The subroutine has an advantage over many of its competitors, however, which is that it treats each constraint individually when calculating a change to the variables, instead of lumping the constraints together into a single penalty function. The name of the subroutine is derived from the phrase Constrained Optimization BY Linear Approximations.

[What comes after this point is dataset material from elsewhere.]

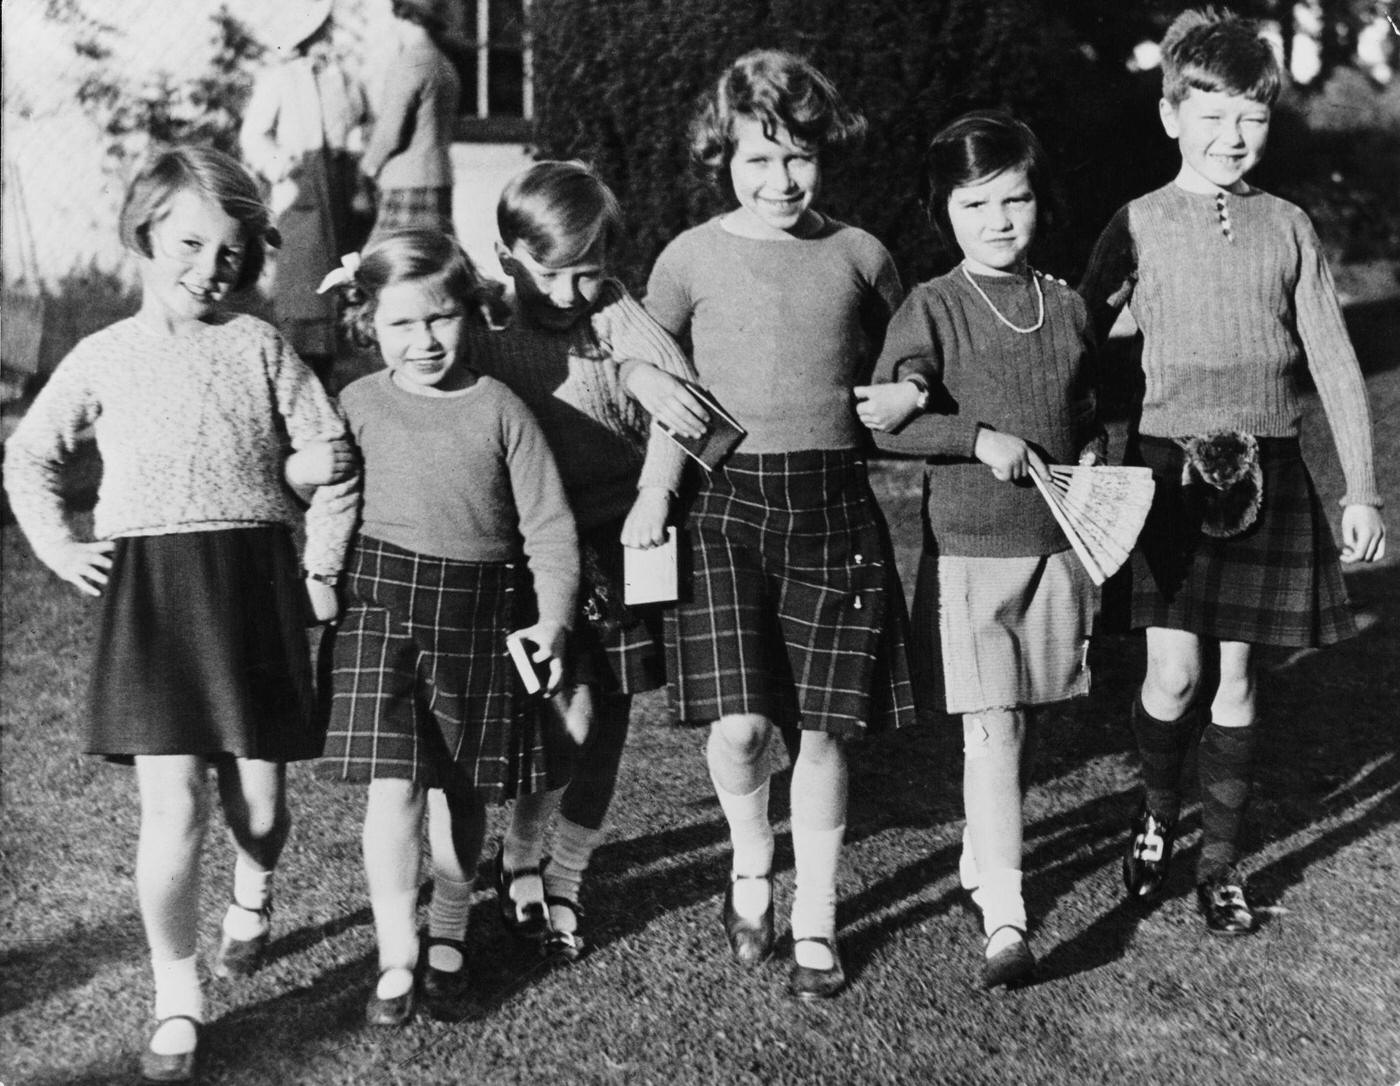 Princess Elizabeth and Princess Margaret, join other young guests to celebrate the 6th birthday of Master James Carnegieat Elsick House in Kincardineshire, 1935.

The user must set the values of N, M, RHOBEG and RHOEND, and must provide an initial vector of variables in X. Further, the value of IPRINT should be set to 0, 1, 2 or 3, which controls the amount of printing during the calculation. Specifically, there is no output if IPRINT=0 and there is output only at the end of the calculation if IPRINT=1. Otherwise each new value of RHO and SIGMA is printed. Further, the vector of variables and some function information are given either when RHO is reduced or when each new value of F(X) computed in the cases IPRINT=2 or IPRINT=3 respectively. Here SIGMA is a penalty parameter, it being assumed that a change to X is an improvement if it reduces the merit function
F(X)+SIGMA*MAX(0.0, - C1(X), - C2(X),..., - CM(X)),
where C1,C2,...,CM denote the constraint functions that should become non-negative eventually, at least to the precision of RHOEND. In the printed output the displayed term that is multiplied by SIGMA is called MAXCV, which stands for 'MAXimum Constraint Violation'. The argument ITERS is an integer variable that must be set by the user to a limit on the number of calls of CALCFC, the purpose of this routine being given below. The value of ITERS will be altered to the number of calls of CALCFC that are made.